61. electrode assemblies as claimed in claim 60, is characterized in that, the described bar handle of described insert is provided with metal skirt, and described metal skirt covers described chamber and prevents from filling described chamber during the casting of described cast iron layer.

62. electrode assemblies as claimed in claim 26, it is characterized in that, described groove has top surface and a contralateral surface, and wherein said cast iron layer is only located between the described side surface of described groove and the opposite flank of described collector bar.

63. electrode assemblies as claimed in claim 62, it is characterized in that, the interval between the top surface of described groove and the opposing vertex surface of described collector bar is filled with insulation and the refractory materials of thermal insulation.

64. electrode assemblies as claimed in claim 62, is characterized in that, the height of the top of the described cast iron layer between each side surface and the opposite flank of described collector bar of described groove is along the length variations of described groove.

65. electrode assemblies as described in claim 64, is characterized in that, the distance of the top of described cast iron layer and the spaced apart length variations along described groove of the described top surface of described groove.

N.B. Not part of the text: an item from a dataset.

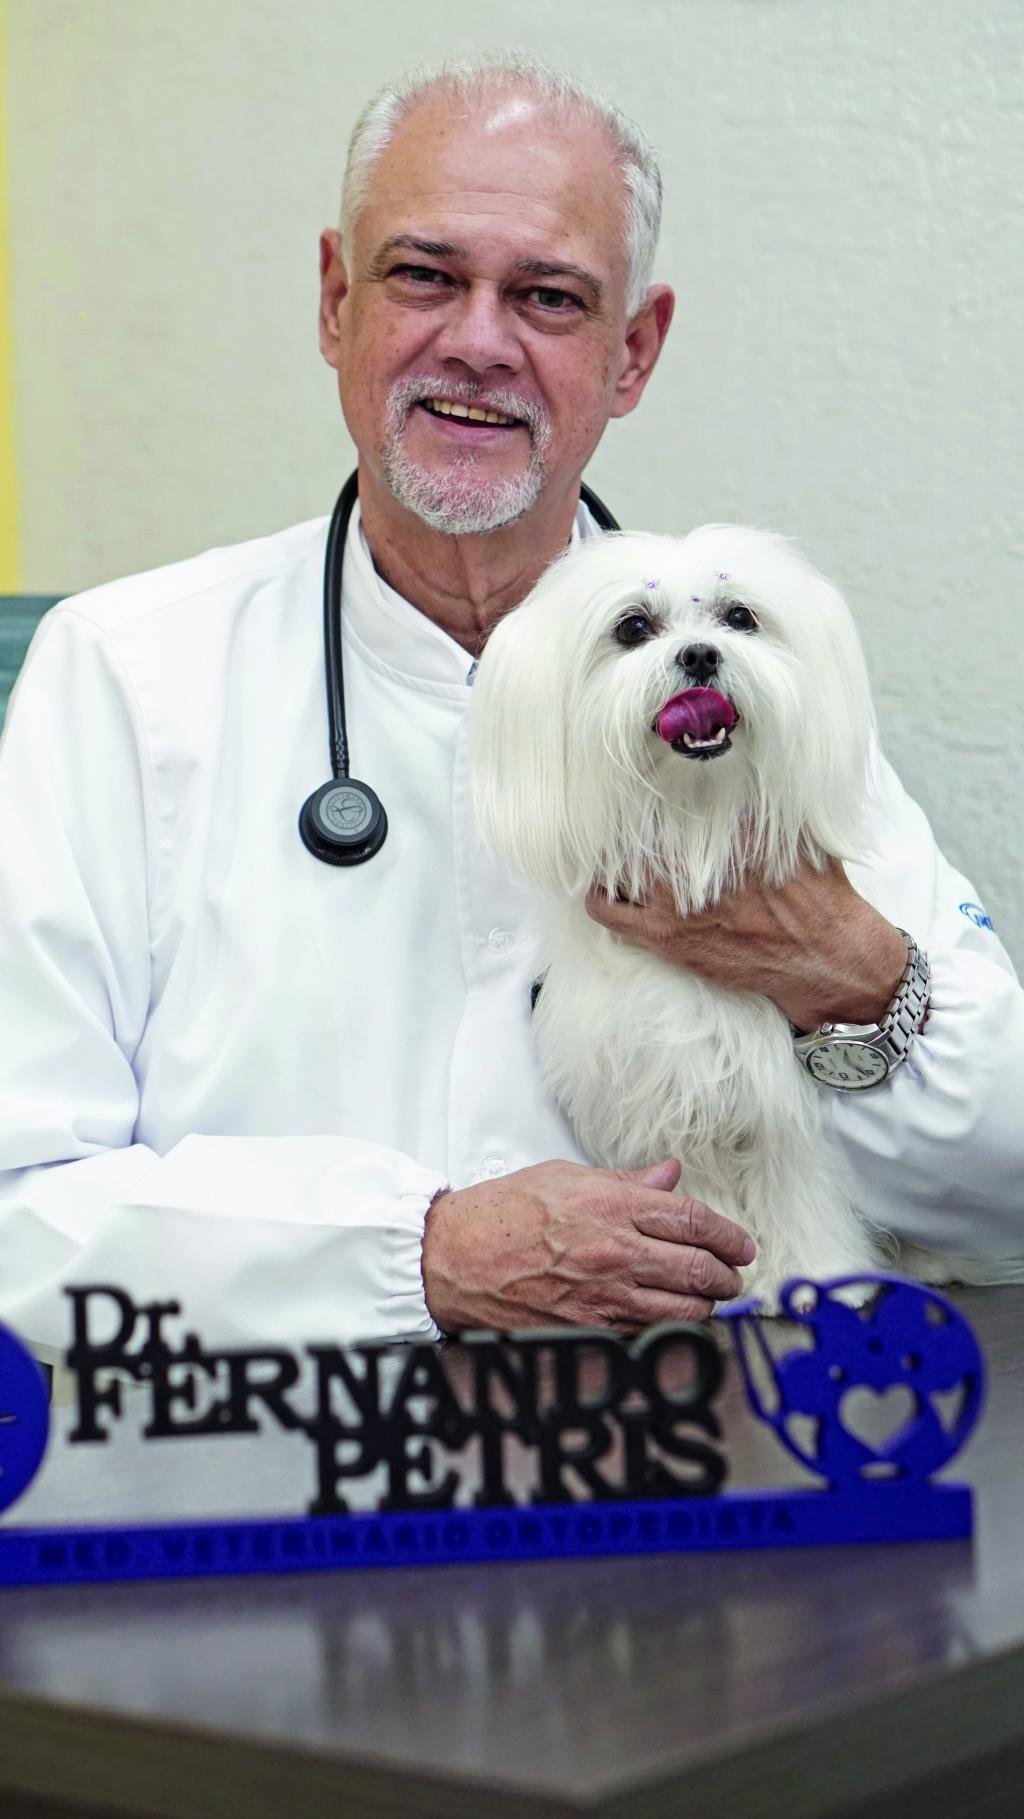 https://jornalnoroeste.com/uploads/images/2021/03/a-importancia-da-consulta-veterinaria-e-dos-exames-clinicos-para-saude-do-seu-melhor-amigo-de-4-patas-bg-3465-b6eb0.JPG

66. electrode assemblies as described in claim 65, it is characterized in that, the described distance between the described top of described cast iron layer and the described top surface of described groove is minimum at the middle part of described groove, and the end of contiguous described groove is maximum.

67. electrode assemblies as described in claim 66, it is characterized in that, described insulating refractory fills any interval between the described top of described cast iron layer and the described top surface of described groove.

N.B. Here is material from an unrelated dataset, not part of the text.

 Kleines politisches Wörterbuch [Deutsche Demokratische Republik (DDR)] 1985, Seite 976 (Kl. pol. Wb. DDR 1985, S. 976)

Install radiator element for the magnetic being removably attached to the steel tank shell of the electrolyzer for generation of metal for 68. 1 kinds, described magnetic is installed radiator element and is comprised:

A () has the base plate of basal surface and top surface, wherein said basal surface is adapted to and is received against described pot shell;

B one or more alar parts that () extends from the described top surface of described base plate;

C () one or more magnet with the Curie point being at least about 500 degrees Celsius, described one or more magnet is fixed to described base plate.

69. magnetic as recited in claim 68 install radiator element, and it is characterized in that, described one or more magnet comprises rare-earth magnet and/or non-ferromagnetic.

70. magnetic as described in claim 69 install radiator element, and it is characterized in that, described one or more magnet comprises SmCo or aluminium nickel cobalt (magnet steel) alloy magnet.

71. magnetic as recited in claim 68 install radiator element, it is characterized in that, comprise the described basal surface being attached to described magnet further and the thermal insulation barriers be seated between described magnet and described pot shell, wherein said thermal insulation barriers comprises the non-flammable material thin-layer with low heat conductivity.

72. 1 kinds for being removably attached to the magnetic mounting mat of the steel tank shell of the electrolyzer for generation of metal, described magnetic mounting mat comprises:

(a) one or more layers there is the flexible high-temperature resistant material of the fusing point being at least about 600 degrees Celsius; And

B () multiple magnet, it is attached to described material so that described pad is retained to described pot shell.

73. magnetic mounting mats as described in claim 72, is characterized in that,

The Curie point of described magnet and confining force make them lose enough confining forces when the preset temperature corresponding with the high-temperature-phase being difficult to accept of described steel tank shell.

74. magnetic mounting mats as described in claim 72, is characterized in that, described magnet is made up of iron containing alloy or nonferrous alloy or rare earth alloy.

75. magnetic mounting mats as described in claim 72, it is characterized in that, described material comprises flexible glass or ceramic fiber cloth.